* [DATA PROVIDED]
_ _ _ _
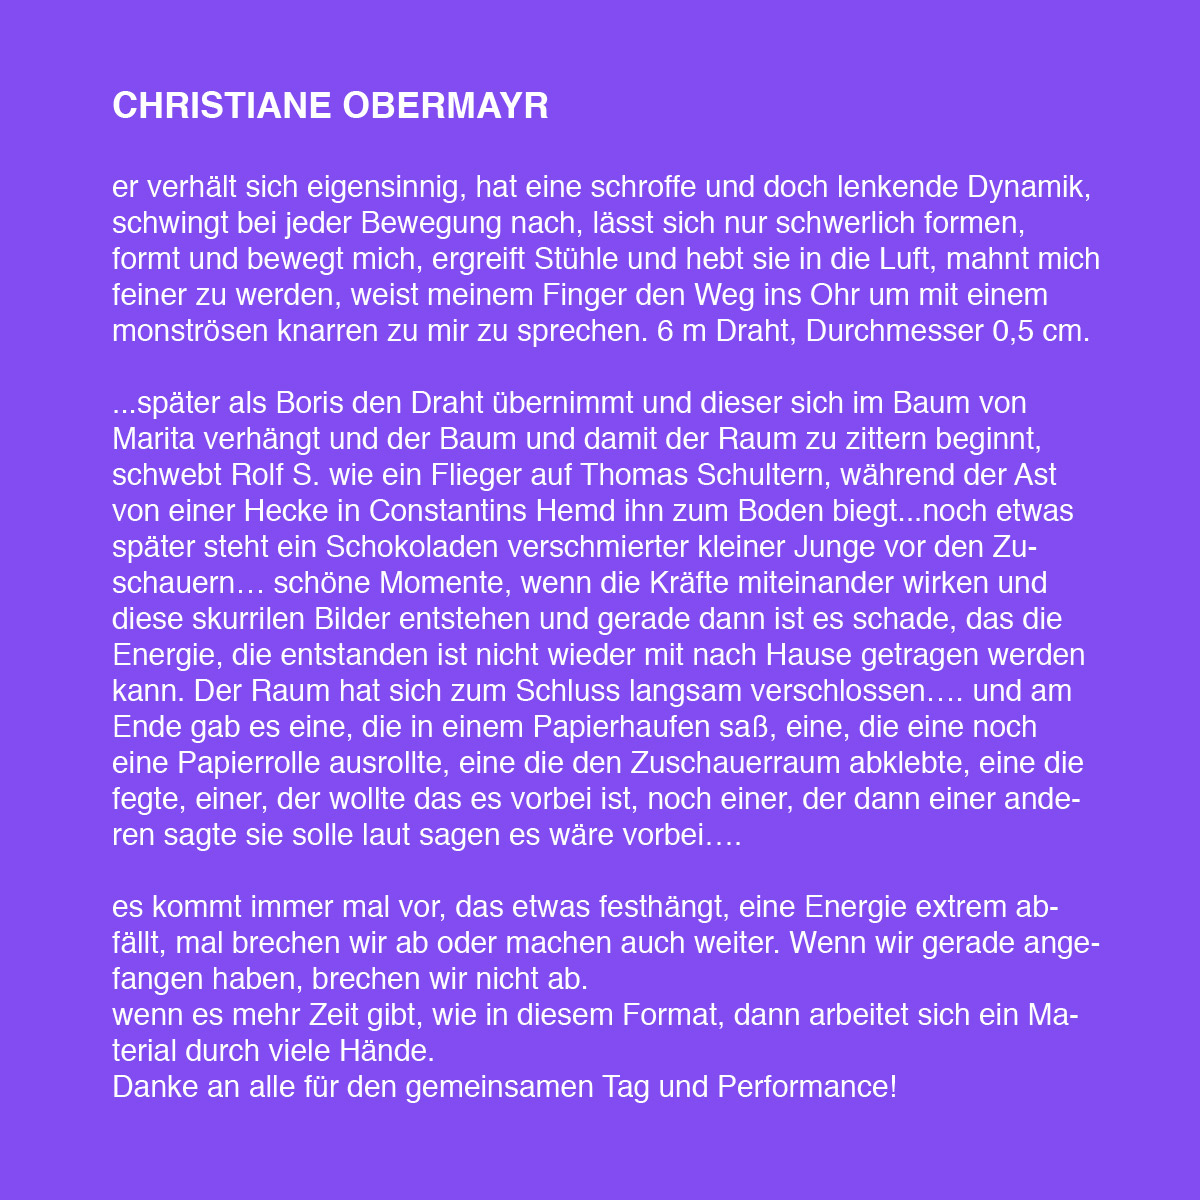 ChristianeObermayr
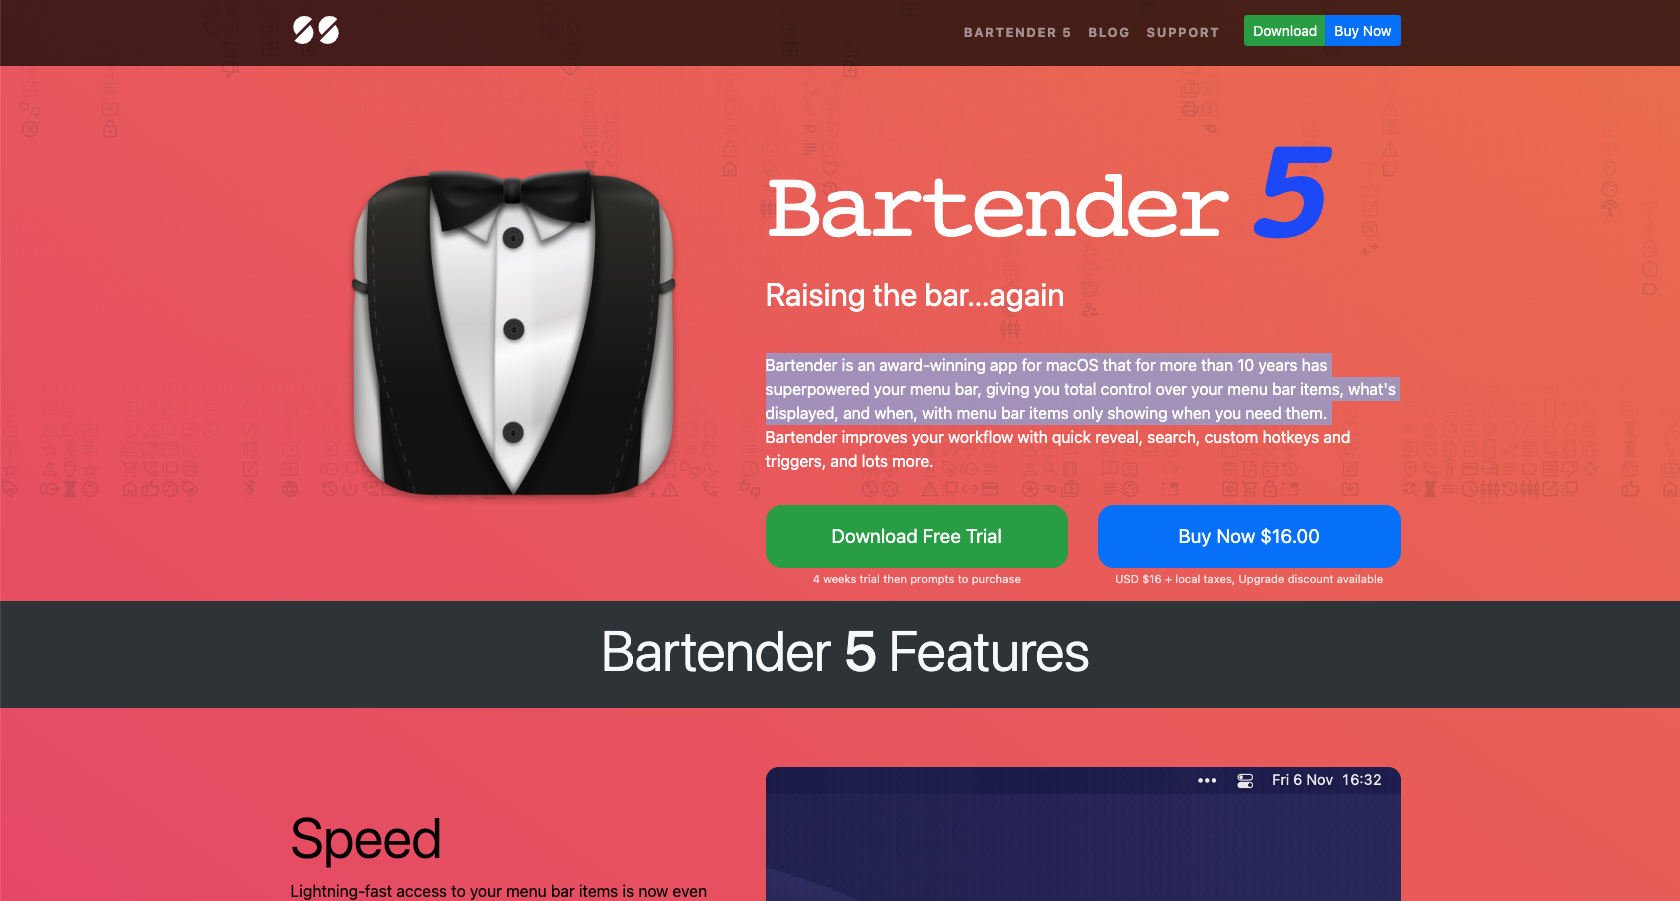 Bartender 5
_ _ _ _
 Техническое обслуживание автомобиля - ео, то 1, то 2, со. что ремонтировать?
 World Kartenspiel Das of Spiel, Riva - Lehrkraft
_ _ _ _
* [EXERCISE REQUIREMENTS]
Would you please copy, word for word, everything above from the line containing "Техническое обслуживание автомобиля" down to the line containing "World Kartenspiel Das", those two lines included?

* [SOLUTION TO THE PROBLEM]
 Техническое обслуживание автомобиля - ео, то 1, то 2, со. что ремонтировать?
 World Kartenspiel Das of Spiel, Riva - Lehrkraft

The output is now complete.